### WHAT YOU NEED TO DO
Below are some records. Retype exactly the lines from the one containing "Cash on delivery" through the one containing "Butterfly Necklace Birthstone", both included, skipping every picture.

### EXERCISE MATERIAL

+---+

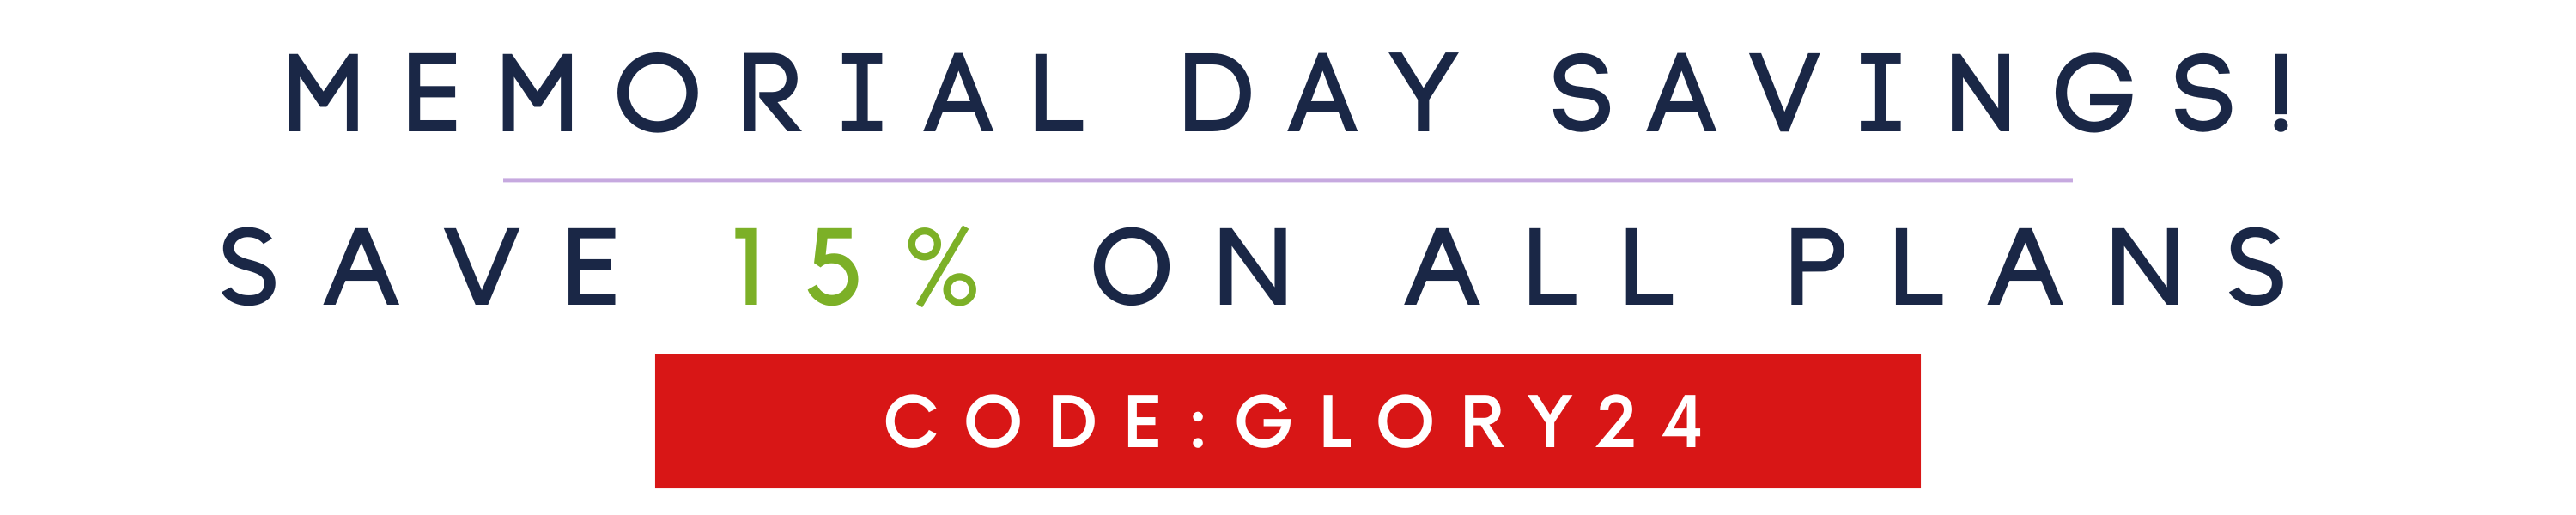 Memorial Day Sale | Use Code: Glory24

+---+

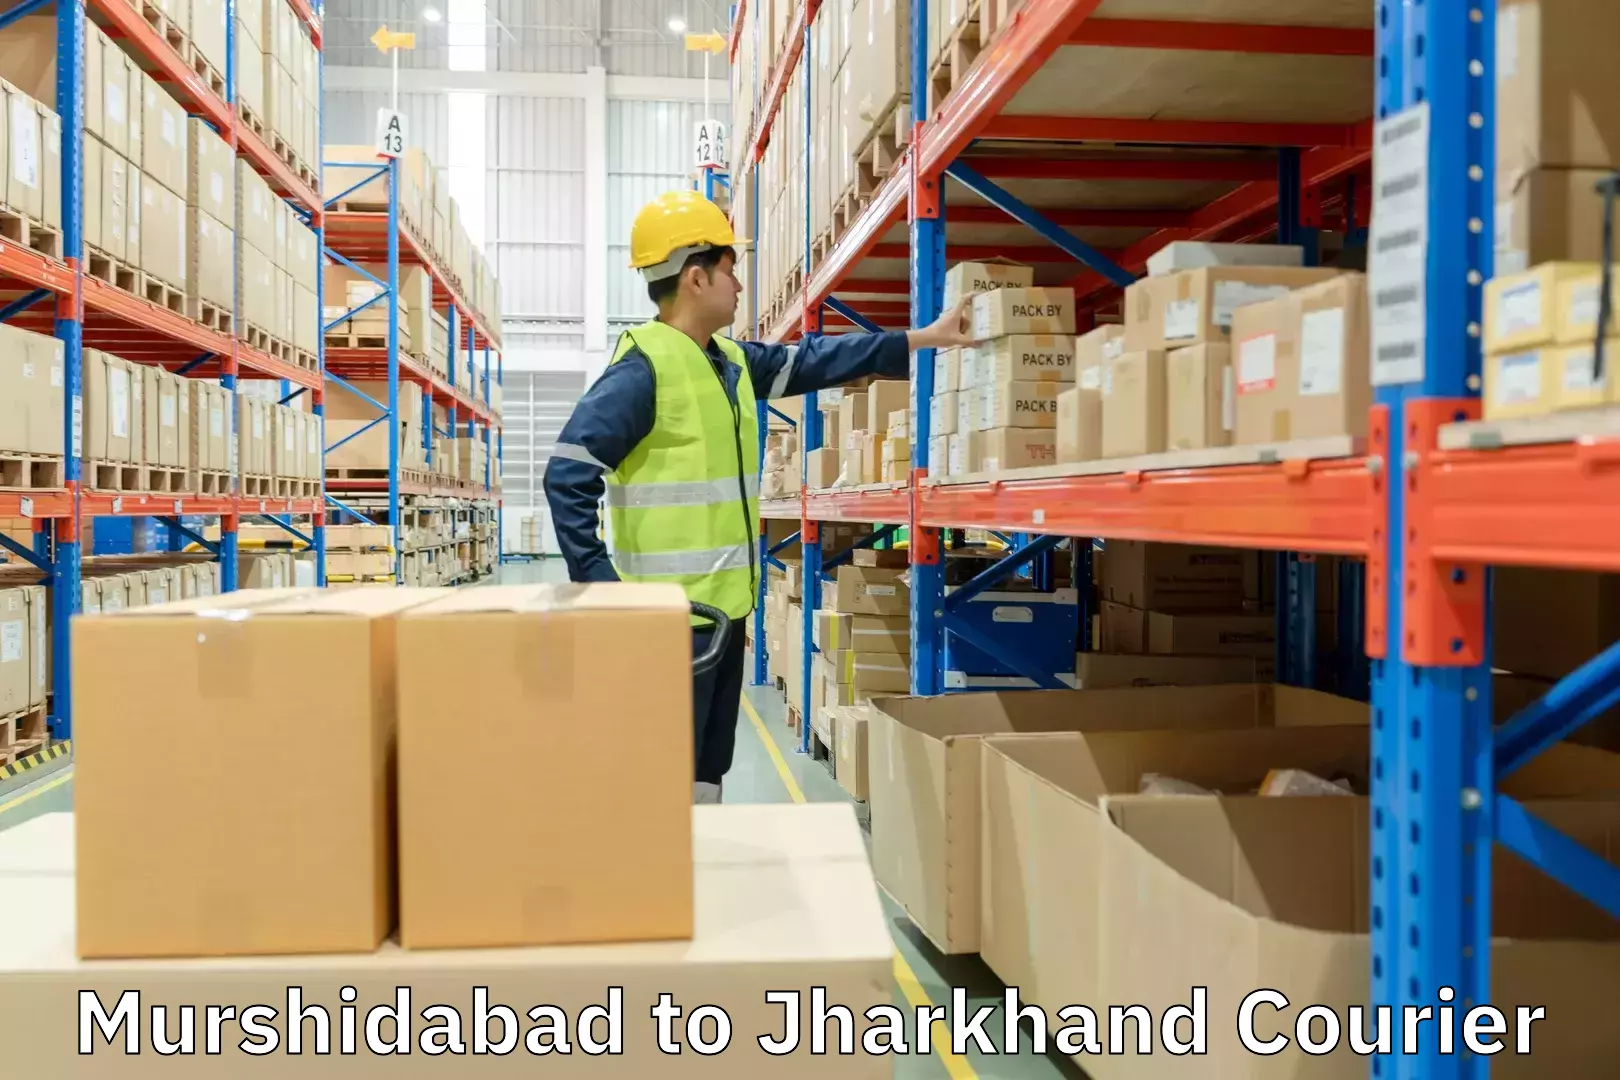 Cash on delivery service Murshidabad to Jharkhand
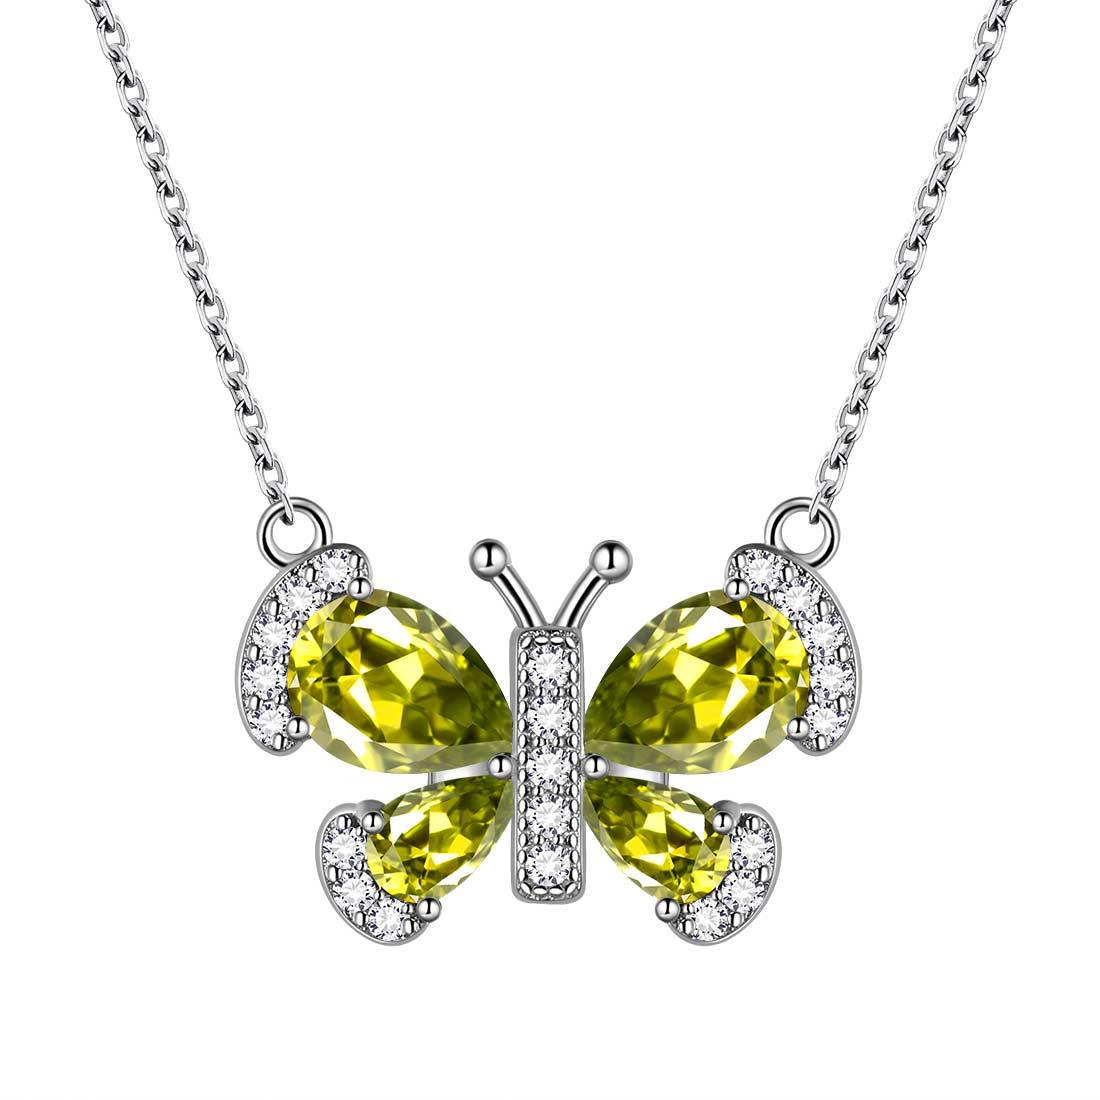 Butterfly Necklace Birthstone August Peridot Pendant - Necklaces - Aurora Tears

+---+

### ANSWER BELOW
 Cash on delivery service Murshidabad to Jharkhand
 Butterfly Necklace Birthstone August Peridot Pendant - Necklaces - Aurora Tears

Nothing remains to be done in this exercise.